Rond middernacht zag het er nog veelbelovend uit. Al de hele avond had Jannes met ene Maaike uit Eindhoven aan zitten pappen. Ze vond het 'kei-gaaf' in Enschede en de vooruitzichten voor de komende nacht hadden bij Jannes rooskleurige vormen aangenomen.
Maar toen was Aernout binnengekomen. Flatgenoot, vierdejaars TBK-student en lid van Audentis. Morgen ging die voor de vijfde keer tentamen Inleiding Civiele Techniek doen en dit keer wist hij zeker dat hij het ging halen, meldde hij met een rare grijns op z'n gezicht. Met hém verliet Maaike een half uur later op innige wijze het pand.

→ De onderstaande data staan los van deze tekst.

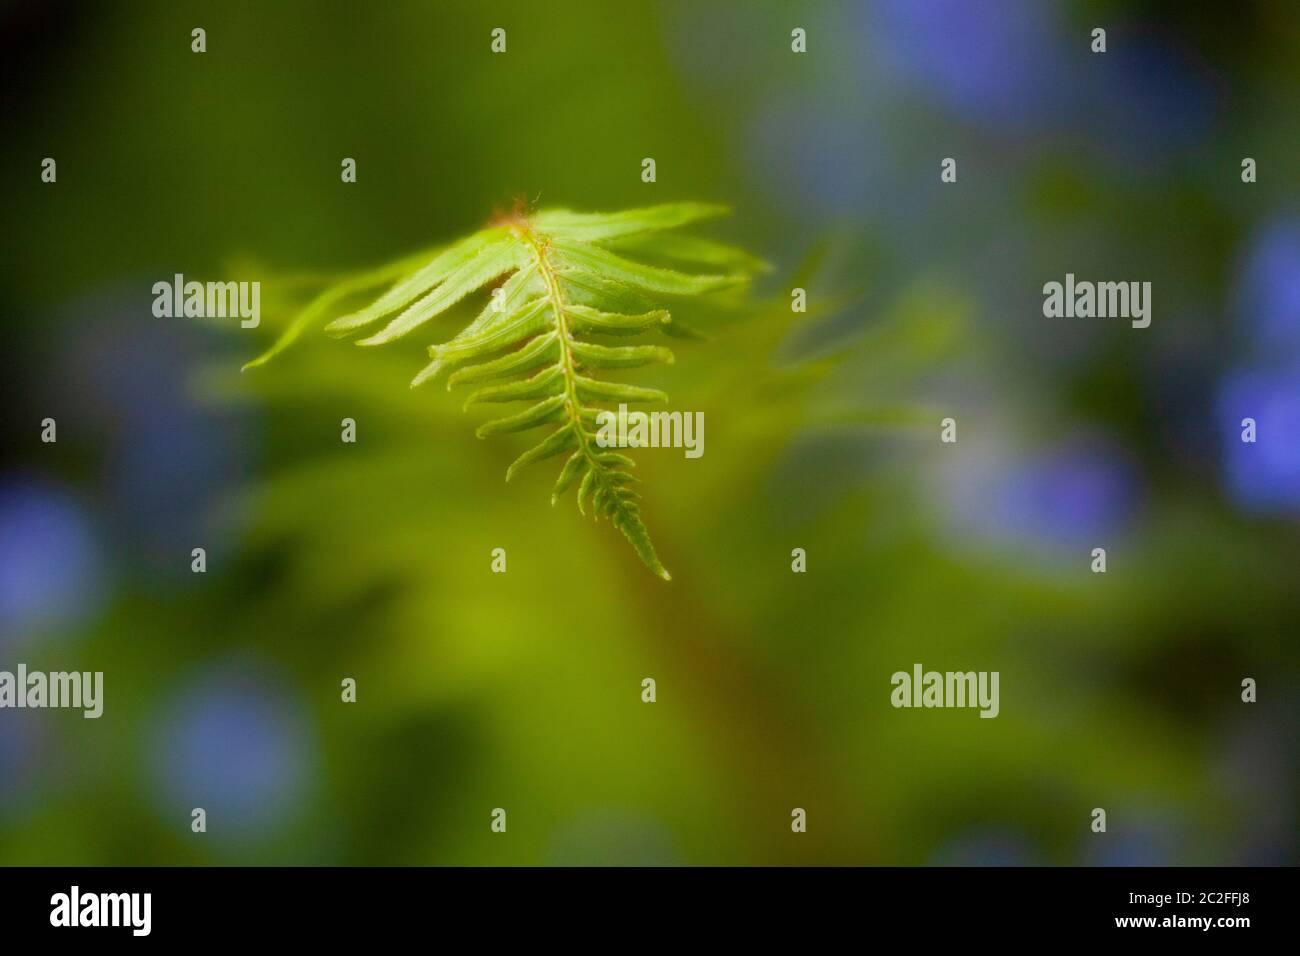 LB00215-00.....WASHINGTON - Fern in giardino urbano. Immagine Lensbaby Edge 50. Foto Stock

Een halve nacht en een stuk of tien biertjes later had Jannes het drama weer onder controle. Die Maaike met d'r domme oorhangers, d'r rare krullen, d'r aanstellerig giecheltje en d'r stomme zachte gee: dat ze d'r maar mooi inzakte met die marketing-Audentitor. Ze zou d'r nog wel achter komen! Híjwas blij dat ie van d'r af was. Trouwens, nu hij d'r nog eens goed voor de geest haalde: volgens hem had ze nog een snorretje ook!
Toen de klok op de Grote Markt drie uur sloeg, gleed Jannes van z'n barkruk, deinde even op en neer tot hij evenwicht gevonden had, schoof met een weids gebaar drie tientjes over de bar de spoelbak in, liet een boer en liep zachtjes balancerend het café uit om z'n fiets te zoeken.
In de flat was het doodstil toen hij behoedzaam de twee trappen naar z'n kamer opwaggelde. De deur van Aernouts kamer stond open en de sfeerverlichting boven z'n grote tweepersoonsbed was nog aan. Uit het half opengeslagen dekbed stak Maaikes been. Ze sliep met haar mond een beetje open en mét haar ademhaling zag je een klein spuugbelletje groter en kleiner worden. Je kon de warmte van het bed op twee meter afstand voelen. Ze bleek helemaal geen snorretje te hebben en die krullen zagen er eigenlijk ontzettend aandoenlijk uit.